Daarom ga ik vertrekken
waar ik kom vandaan!
'k Kwam laatst, met haast al door het Herestraatje
men sprak: "Mijn lieve maatje,
kom, zet u hier wat neer
en drink dan eens een glaasje
en rook een pijp tabak".
Maar ik bedankte ras:
ik hield mijn geld op zak!
Achttiende-eeuws lied.
In: De twee vrolyke confraaters (1795). De naam van de liedschrijver ontbreekt.

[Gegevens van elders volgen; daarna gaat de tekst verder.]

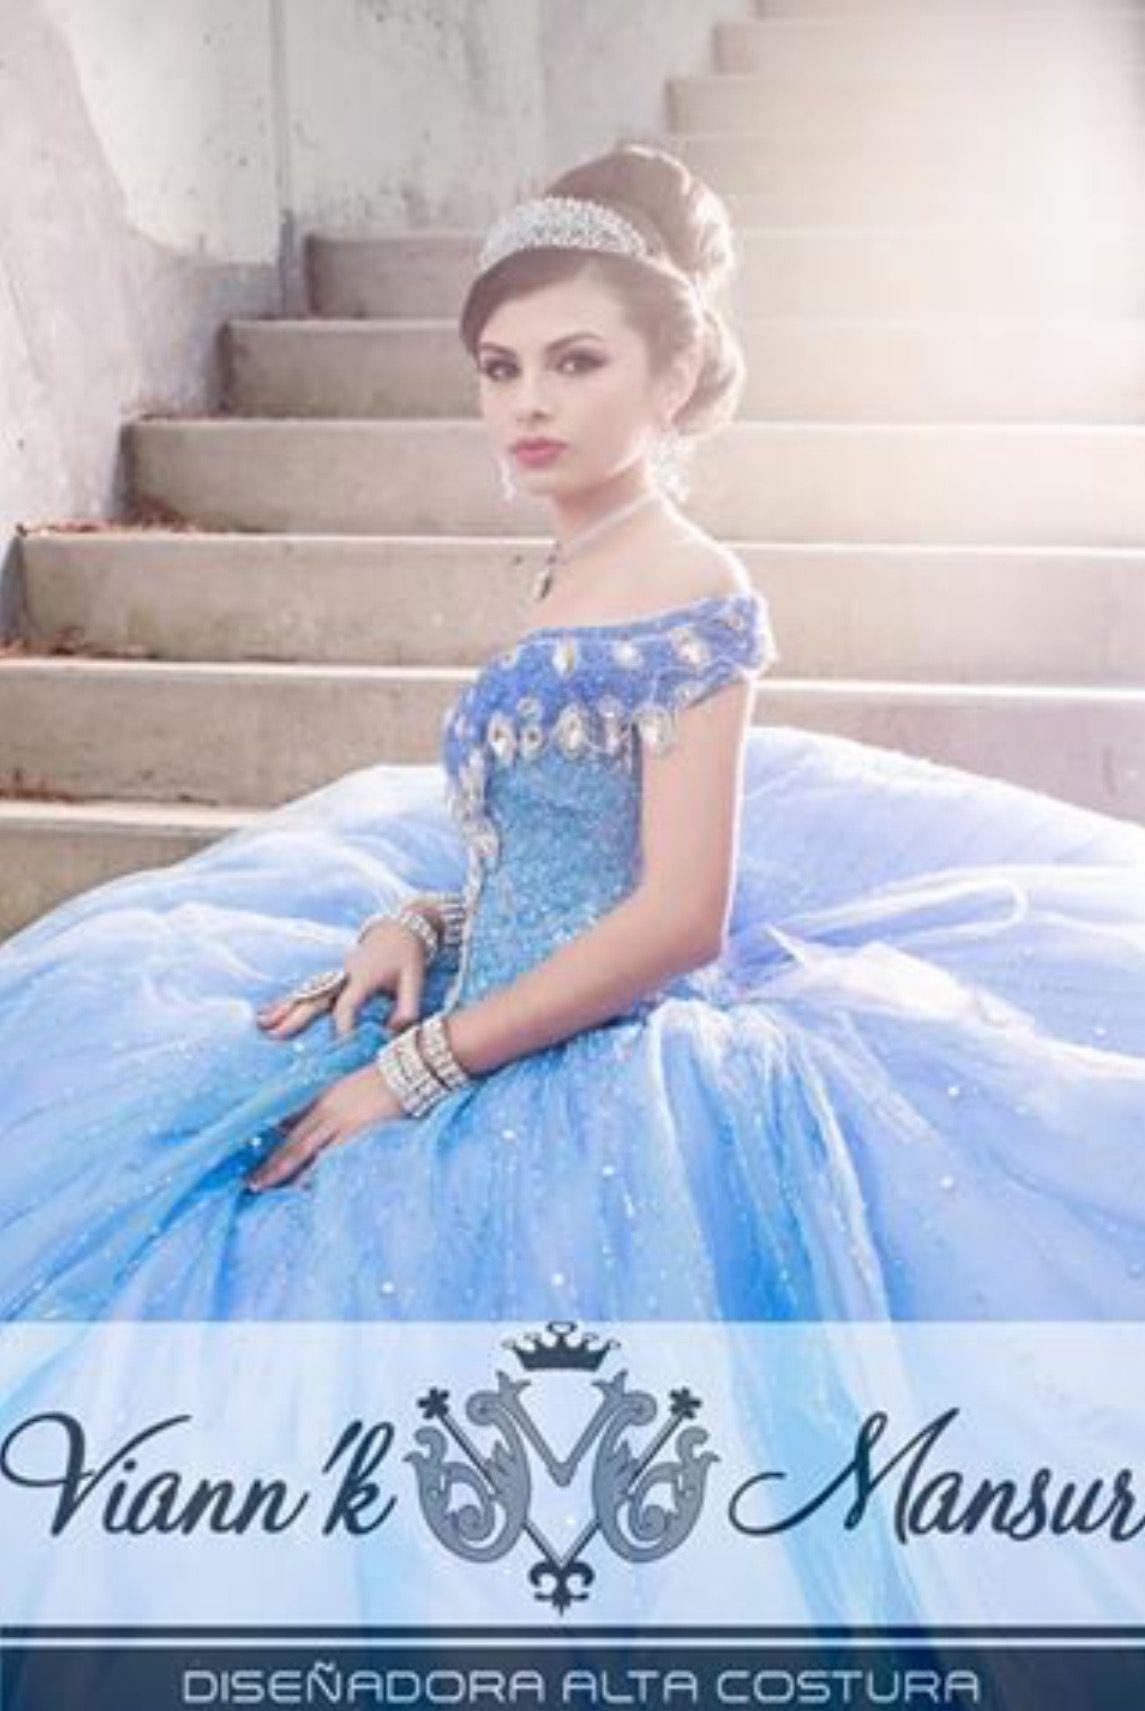 6c99295995 Viann K Mansur A Gorgeous Quinceañera Gown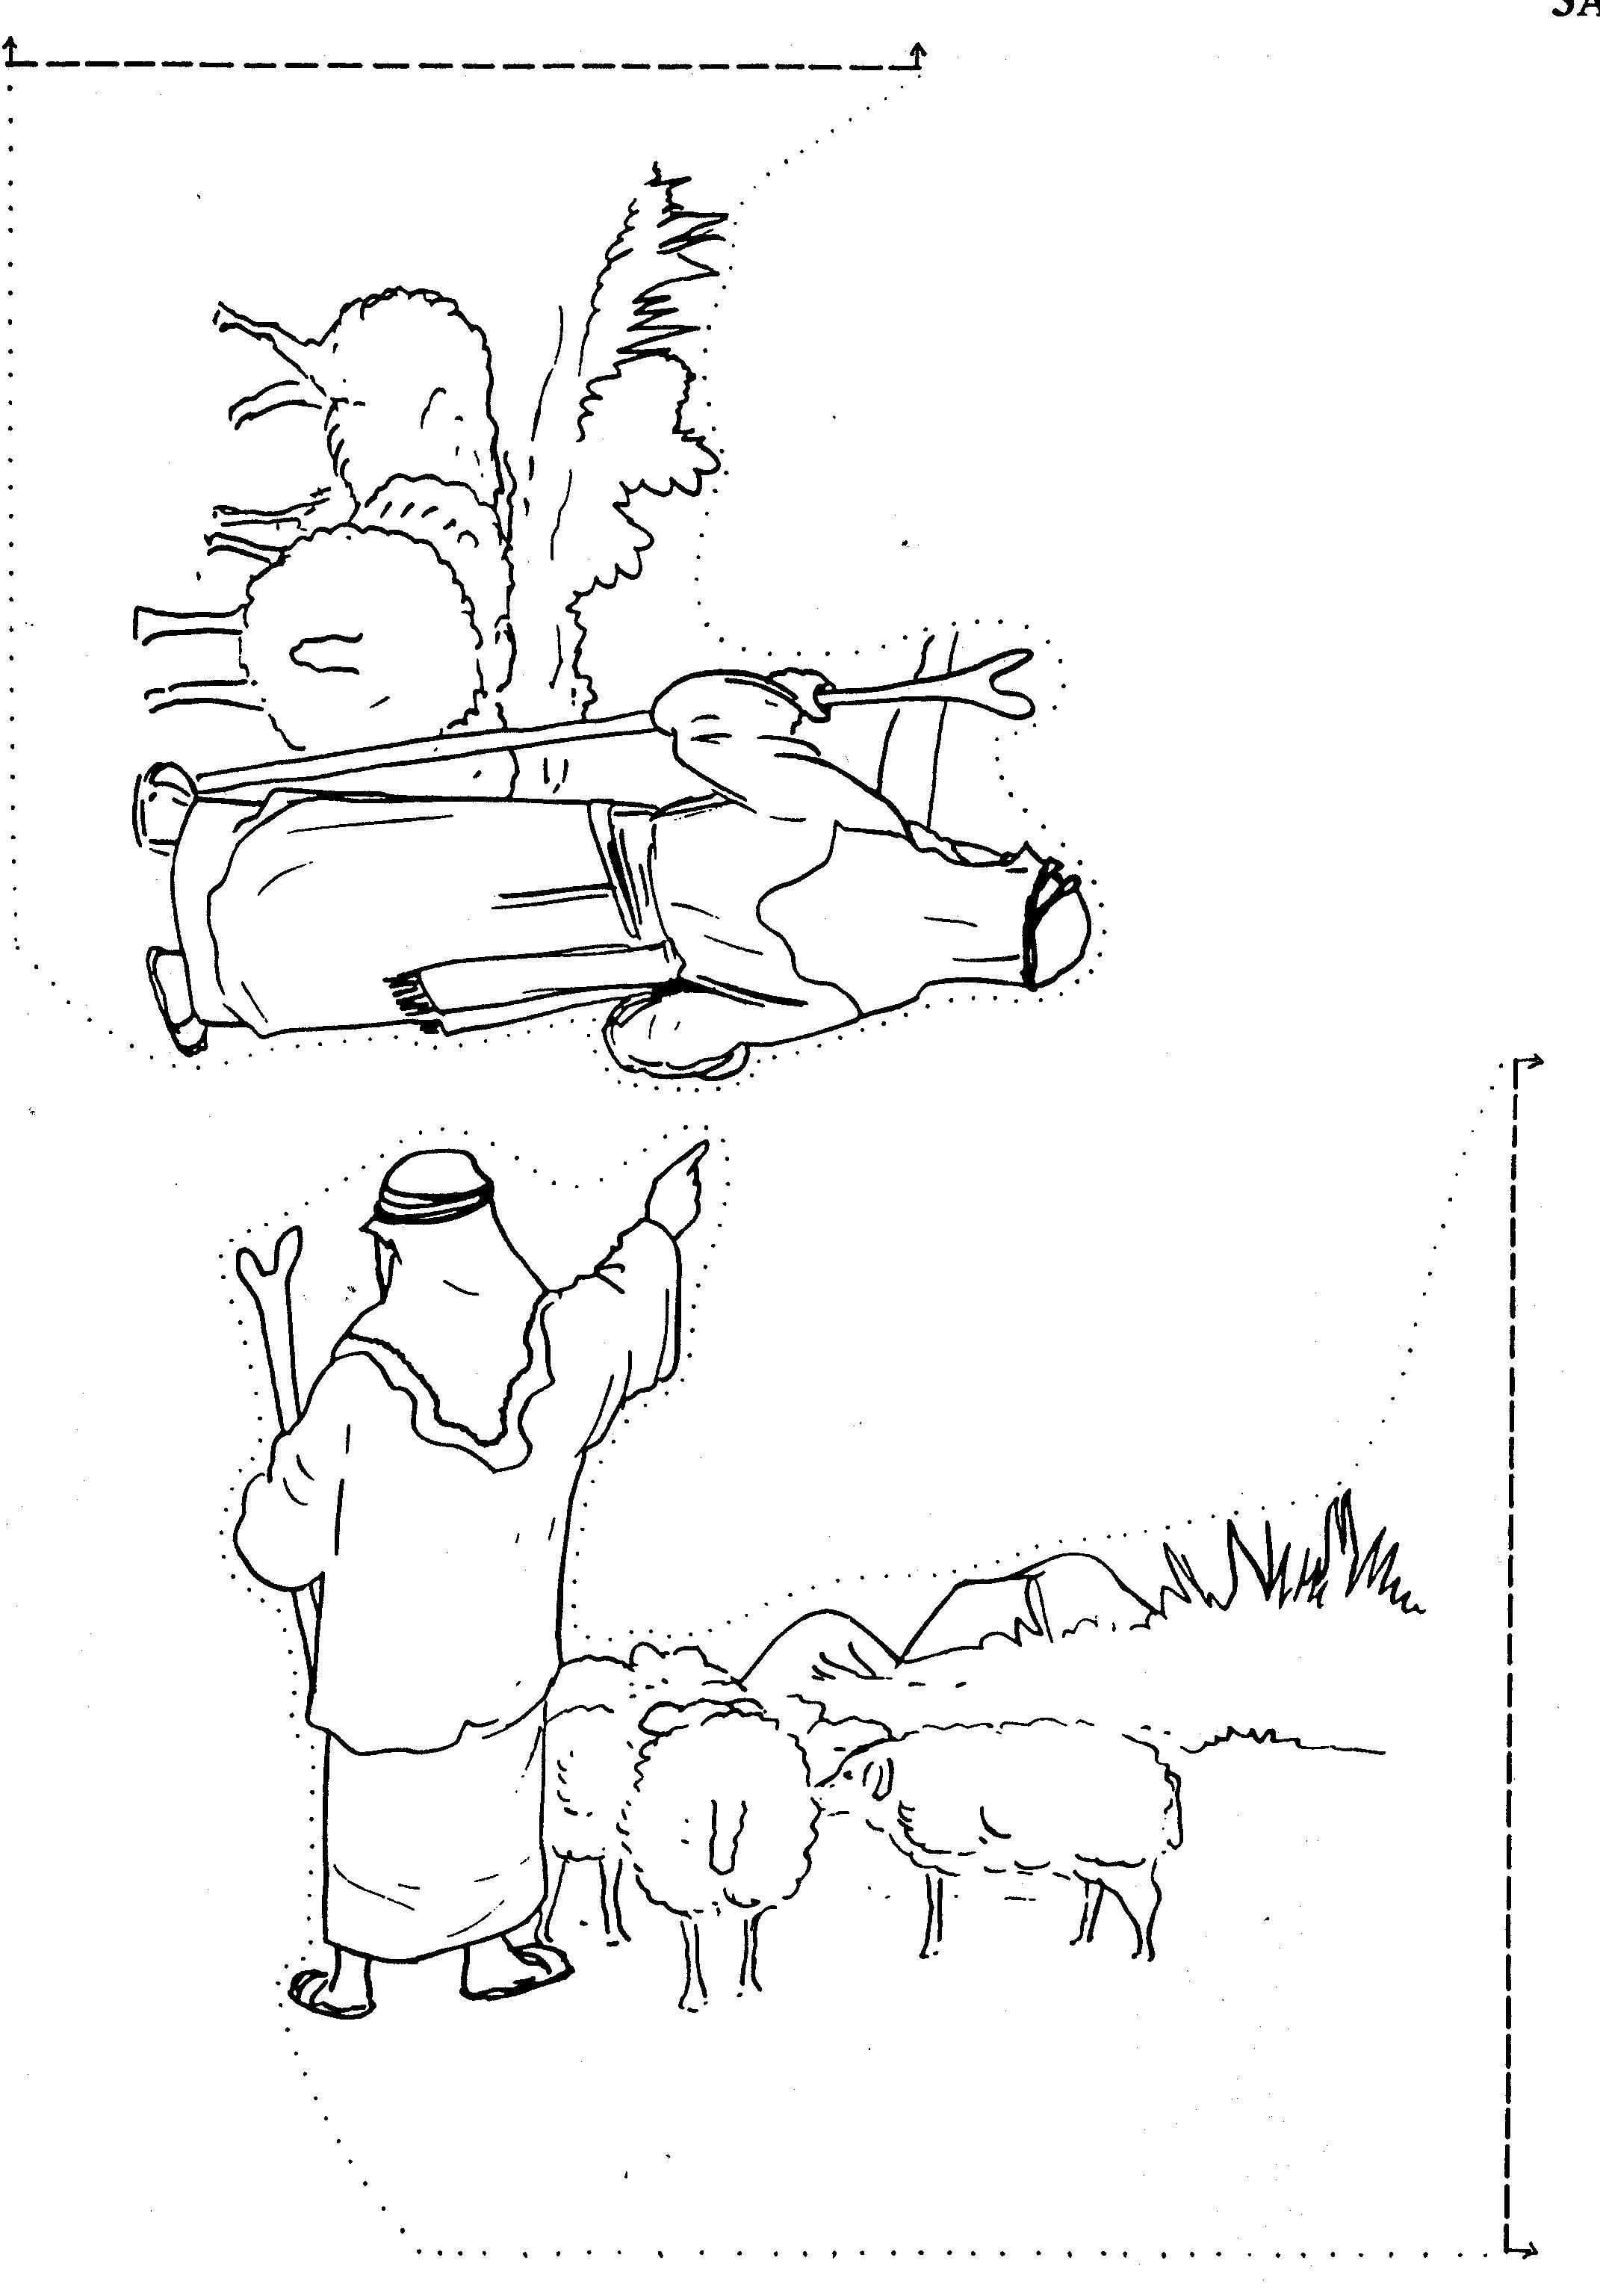 abraham en lot gaan uit elkaar knutselwerkje deel 2 aan de

Titel: als nieuw liedje in 1795 afgedrukt onder de titel 'Een nieuw lied, op de Karsouse meisjes'. Later meestal onder de titel 'Matrozenlied'.
|
Vindplaatsen (Nederlandse Liederenbank) o.m.:
• Het vrolijke Bleekersmeisje (ca. 1841)
• L. Haasnoot, Padvinders-liederenbundel (ca. 1955)
• Pollmann en Tiggers, Nederlands volkslied (1941, 1956, 1977)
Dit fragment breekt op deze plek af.